I'm pretty sure with a quick Google I could fund evident that trans identity men have made women's spaces unsafe (Kate delowski? The one who worked for a charity and made a masturbation video).

So AIBU to wonder what hard evidence there is?

OP posts:
Thread gallery
12
lifeturnsonadime · 26/05/2025 18:54

HangryLikeTheHulk · 26/05/2025 18:52

And transpeople make their own call depending on circumstances. In the real world. The messy, real world.

Nope.

The law disagrees with you on this. Trans women are men.

You put the wishes of men like Sarah Jane Baker over the safety of women.

We are not human shields.

Enough harm has been done to women. We deserve better.

Men can sort their own safety out now.

cocoaero · 26/05/2025 18:55

There are trans identified male who are not delusional who do know they are men and who use men's bathrooms and facilities dressed in what would be considered women's clothing. One of them posts often on twitter and he's never had any issues as far as I know.
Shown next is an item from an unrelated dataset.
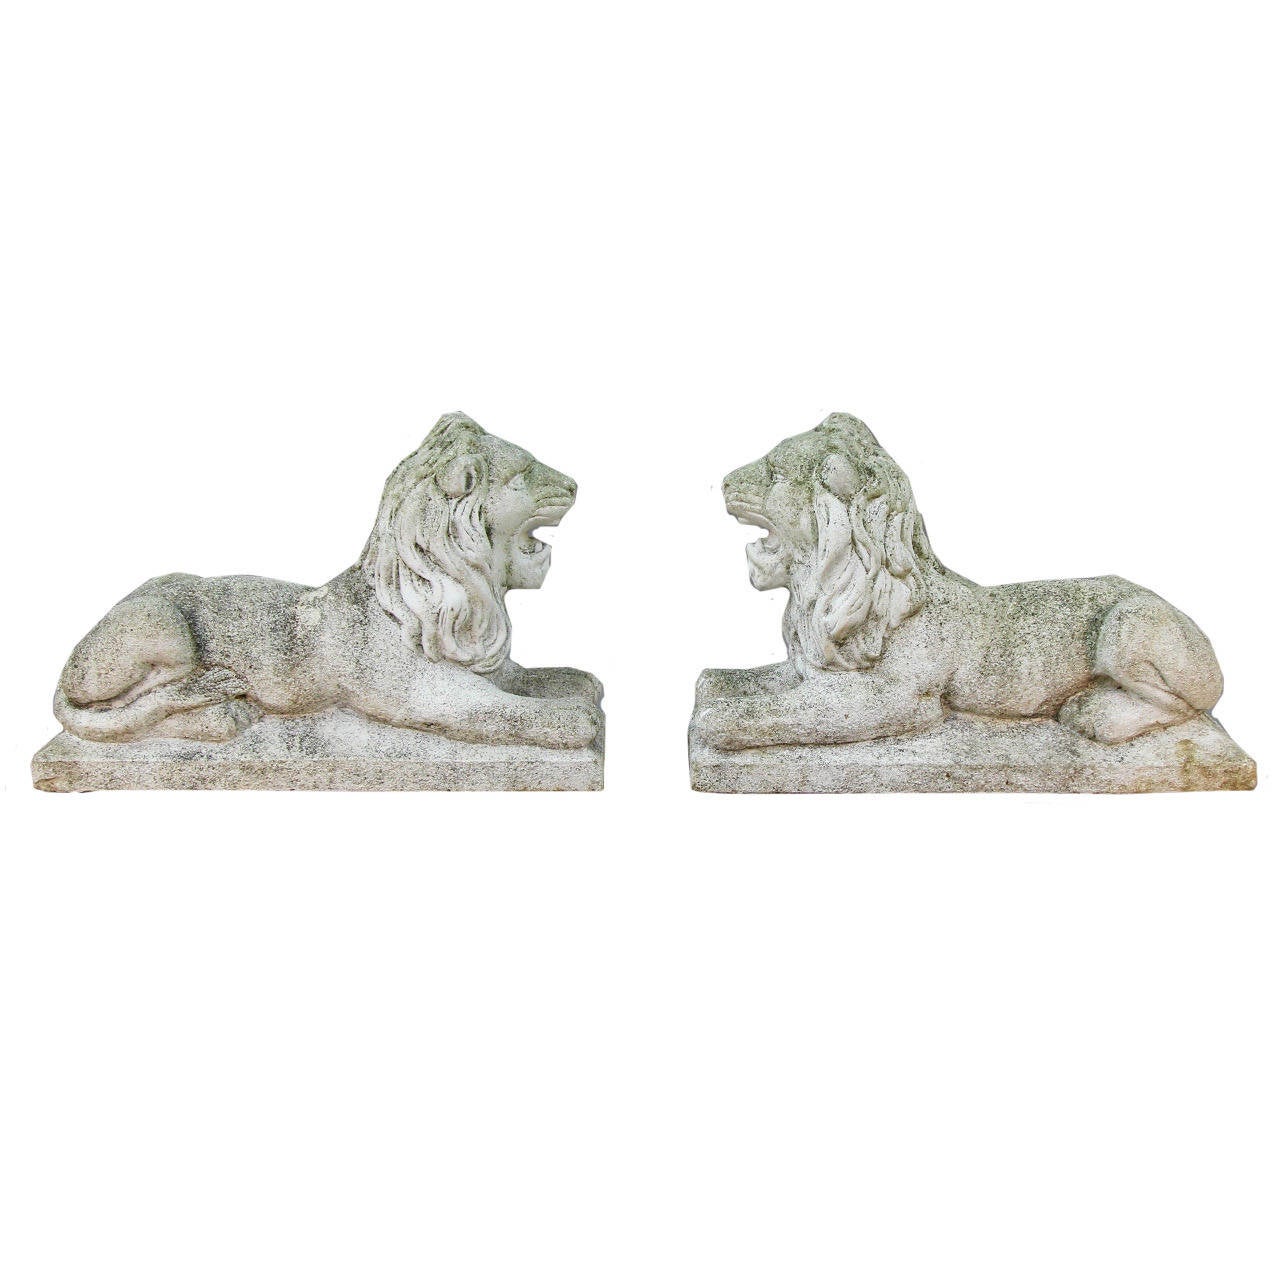 Grace your entrance or garden with this wonderful pair of or distinctive recumbent lions. Heavy and well-defined concrete casting with great age and patina in excellent vintage condition.

These men know they aren't at risk but for these men what is at stake in that the illusion of their female identity will be shattered by having to use male facilities. They need for everyone else to go along with the fantasy or be compelled to go along with the fantasy in order to feel validated and to gain satisfaction from their paraphilia. If they must use the male facilities then the whole acting out of their fetish becomes redundant and their female identity is destroyed. So to them it is like a kind of death. However, hard cheese, women should not and will not give up their hard one rights so that a bunch of deluded men with an out of control sexual fetish can use both women's spaces and the women in them to satisfy themselves.

Annoyedone · 26/05/2025 18:55

HangryLikeTheHulk · 26/05/2025 18:48

Because you know full well that creating third spaces everywhere is impossible. It’s just not pragmatic.

That’s not women’s problem. If some men are afraid of using men’s spaces, that’s up to men to sort out. Maybe tell men to #bekind.

GrouachMacbeth · 26/05/2025 18:56

Are there any statistics for how many men are assaulted by other men specially in lavatories?

Nameychangington · 26/05/2025 18:58

Statistically, this means very few offences overall are committed by trans people, and where they are, it’s still overwhelmingly by those assigned male at birth (i.e. trans women), not as a unique category of risk.

The ones 'assigned male at birth' (sic) are the ones you want to be able to choose to use women's spaces! Transwomen offend at at least the same level as other men, as PP posted the evidence of upthread. 70% of the transwomen in prison in the UK are sex offenders. They are men and offend like men because they're men.

Nameychangington · 26/05/2025 19:06

There is no evidence that trans women, as a group, pose a heightened threat to women:

Please see stats posted upthread. They offend like men because they're men.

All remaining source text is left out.